▸ The problem
Could you retype exactly the lines below between the one holding "T-Shirt Heather Aqua" and the one holding "BIK S.A. w połowie", inclusive, leaving out any pictures?

▸ Data section
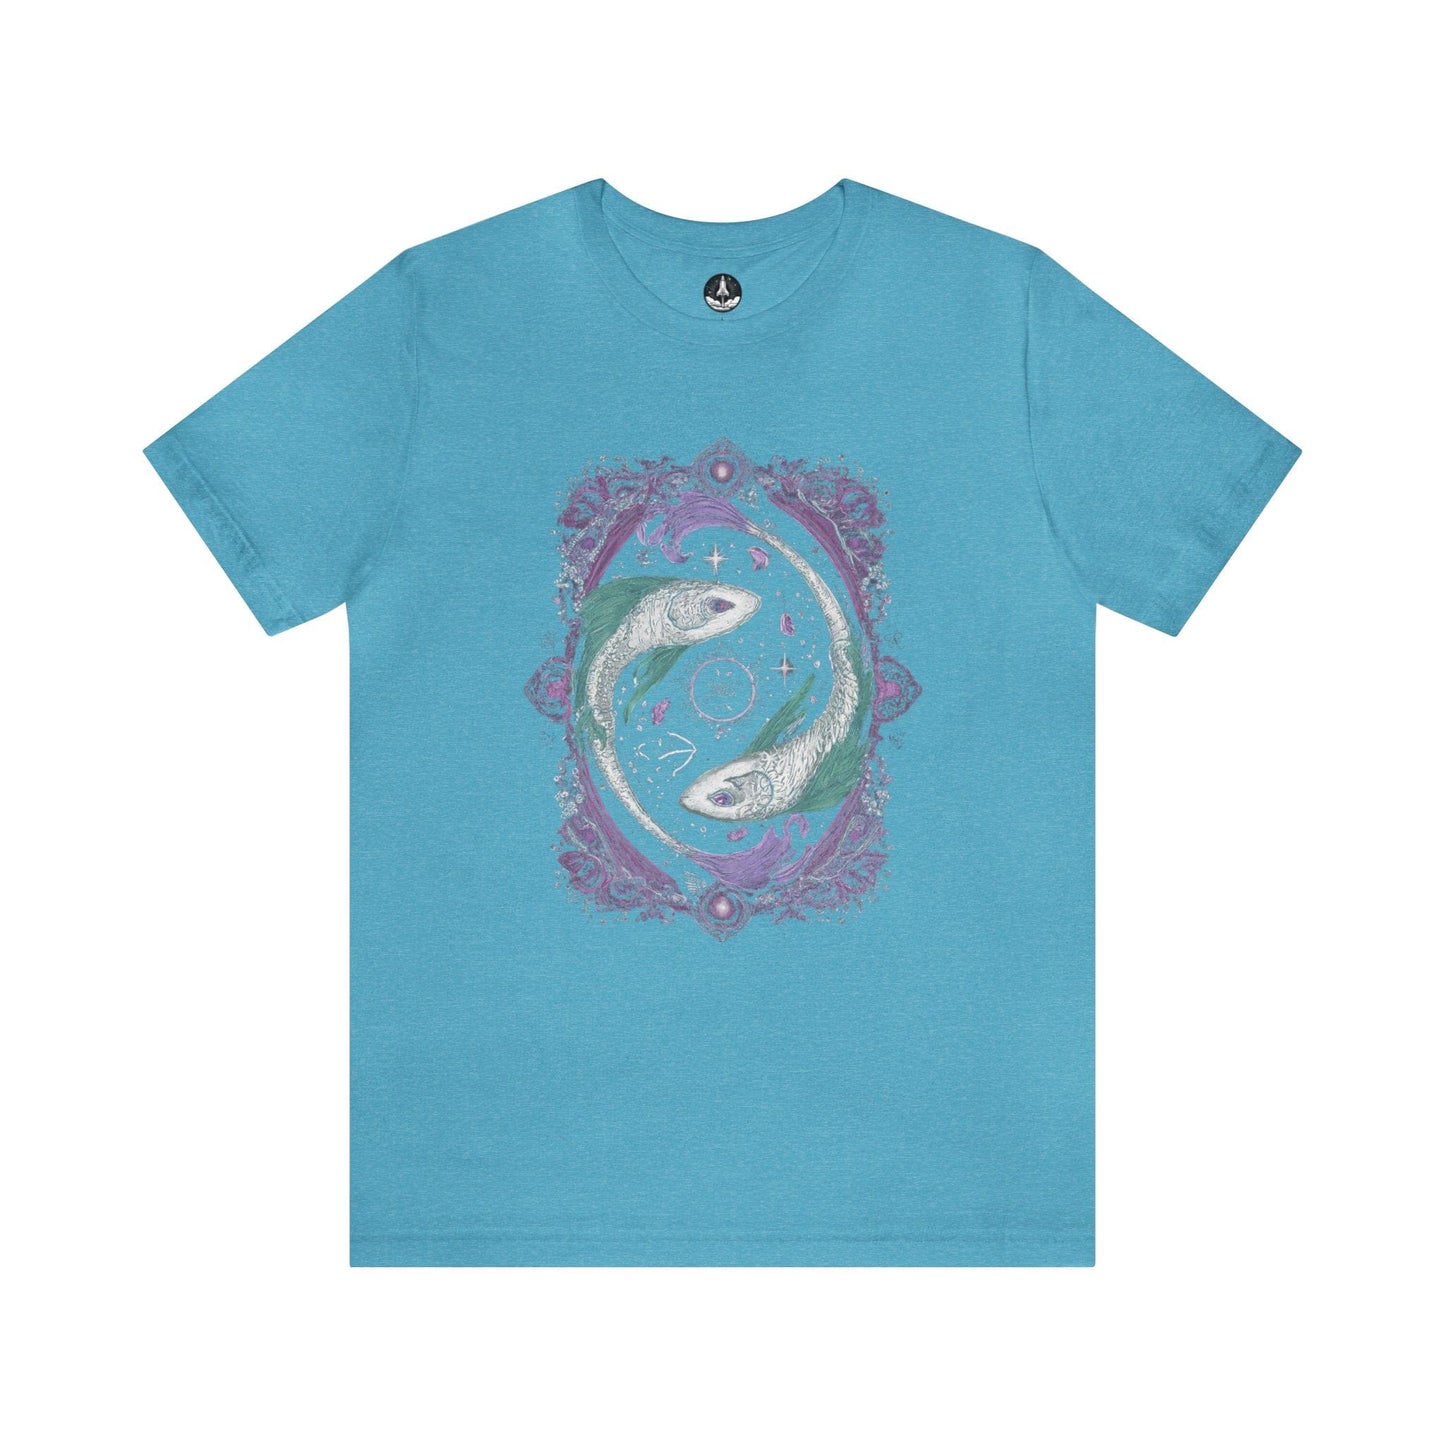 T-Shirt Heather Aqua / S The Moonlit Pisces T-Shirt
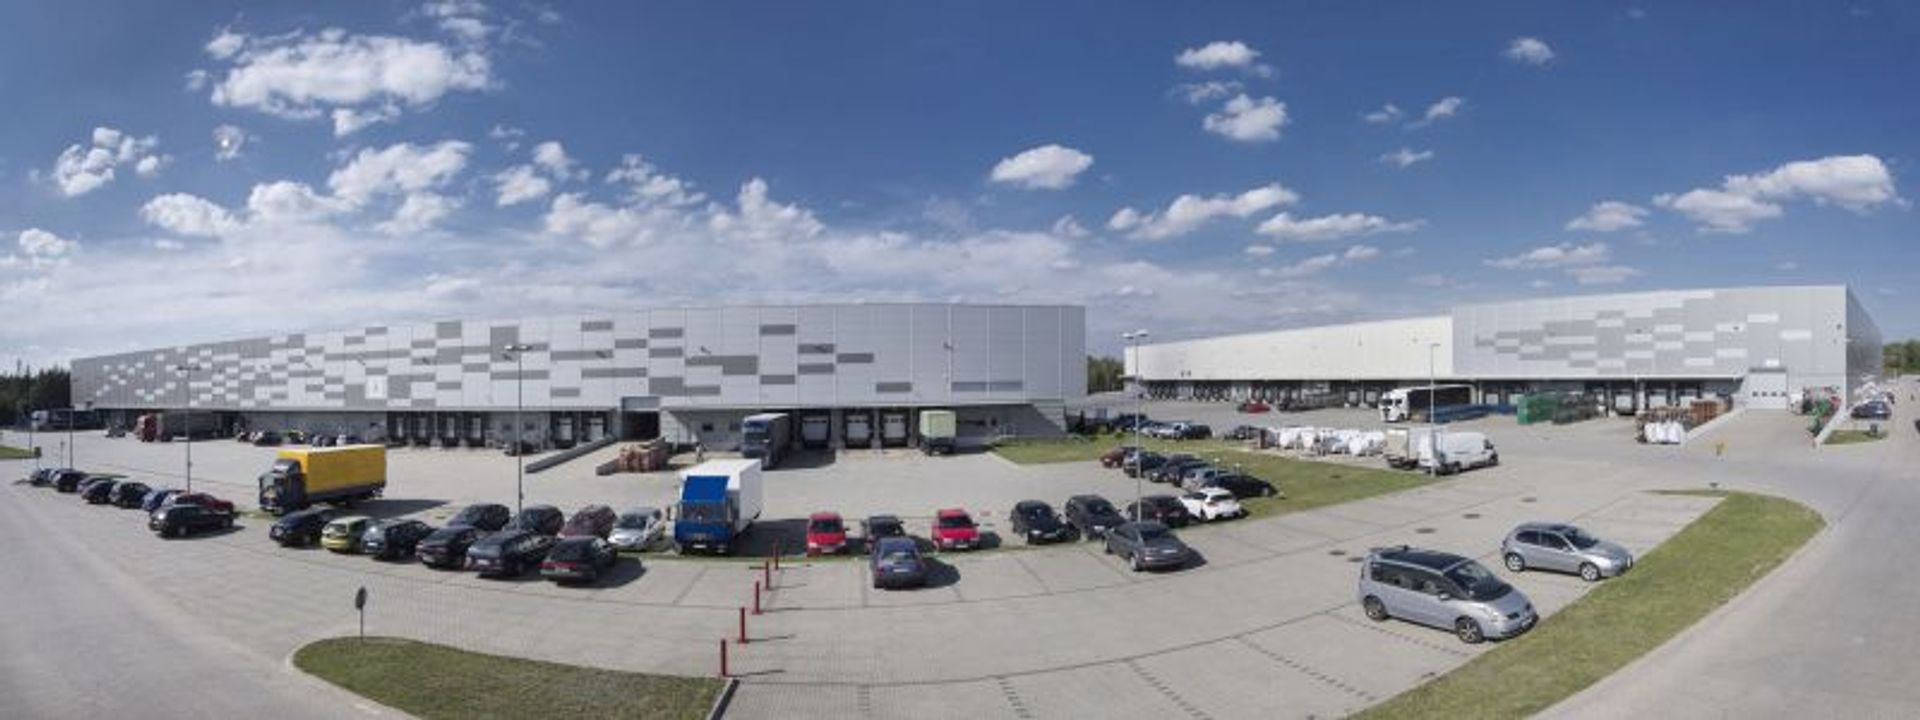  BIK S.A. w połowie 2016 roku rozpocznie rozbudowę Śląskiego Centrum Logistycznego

* * *

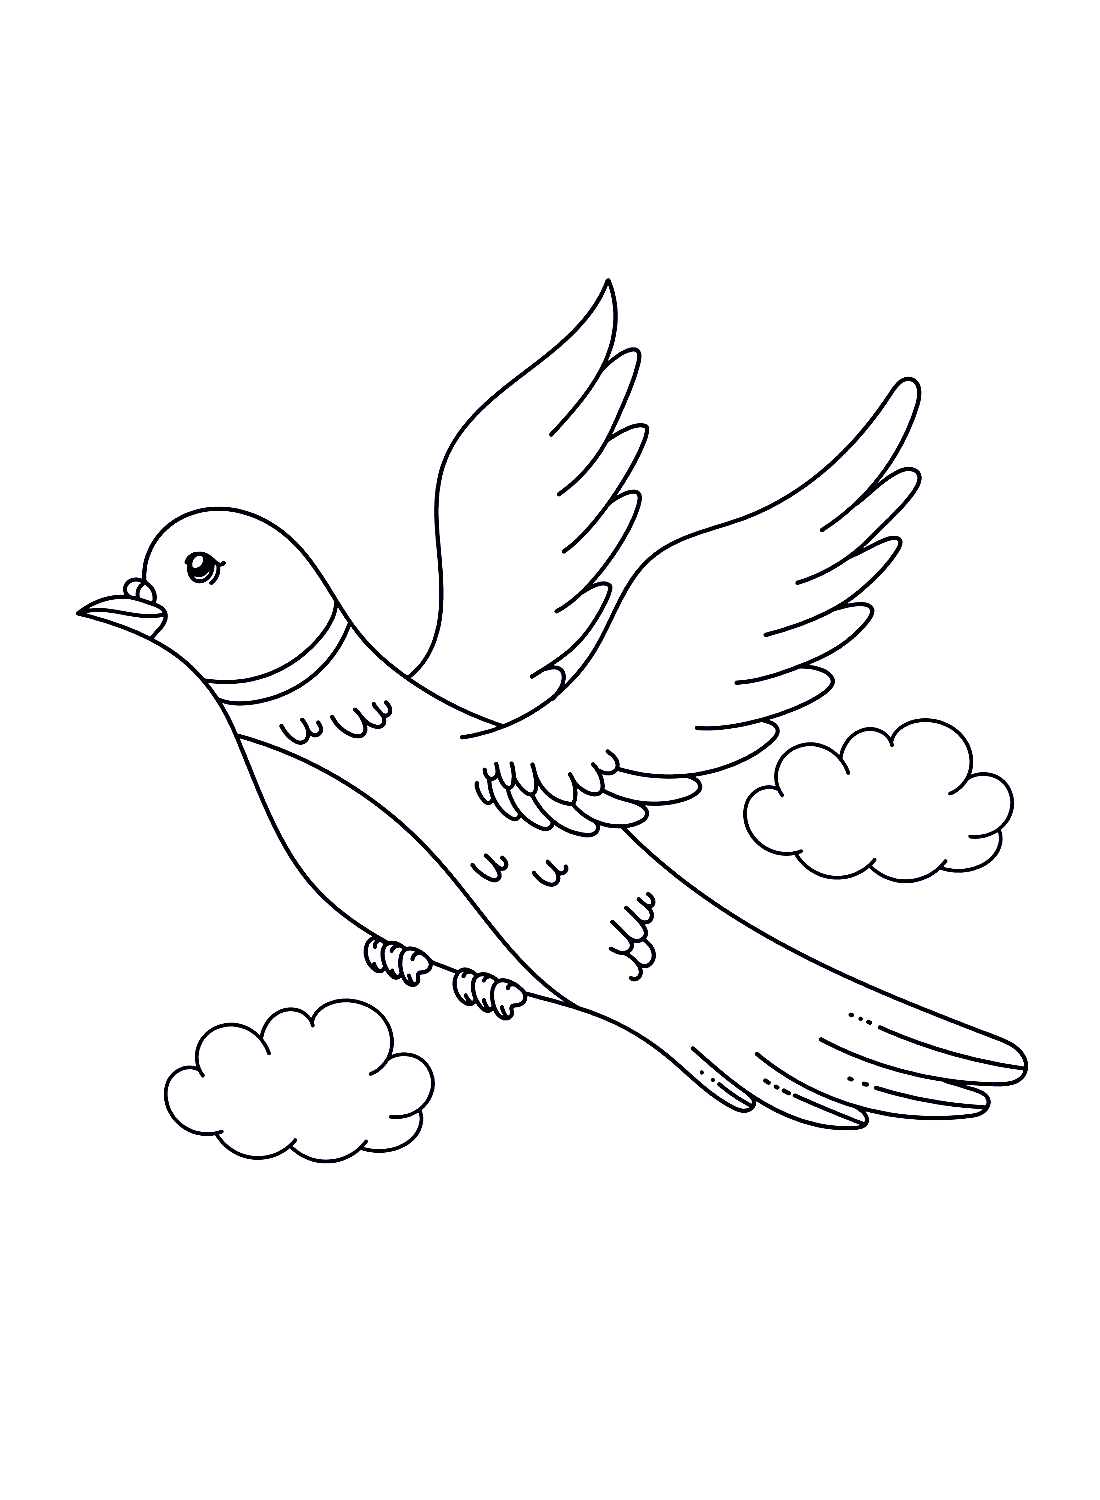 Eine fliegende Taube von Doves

▸ Result of this task
 T-Shirt Heather Aqua / S The Moonlit Pisces T-Shirt
  BIK S.A. w połowie 2016 roku rozpocznie rozbudowę Śląskiego Centrum Logistycznego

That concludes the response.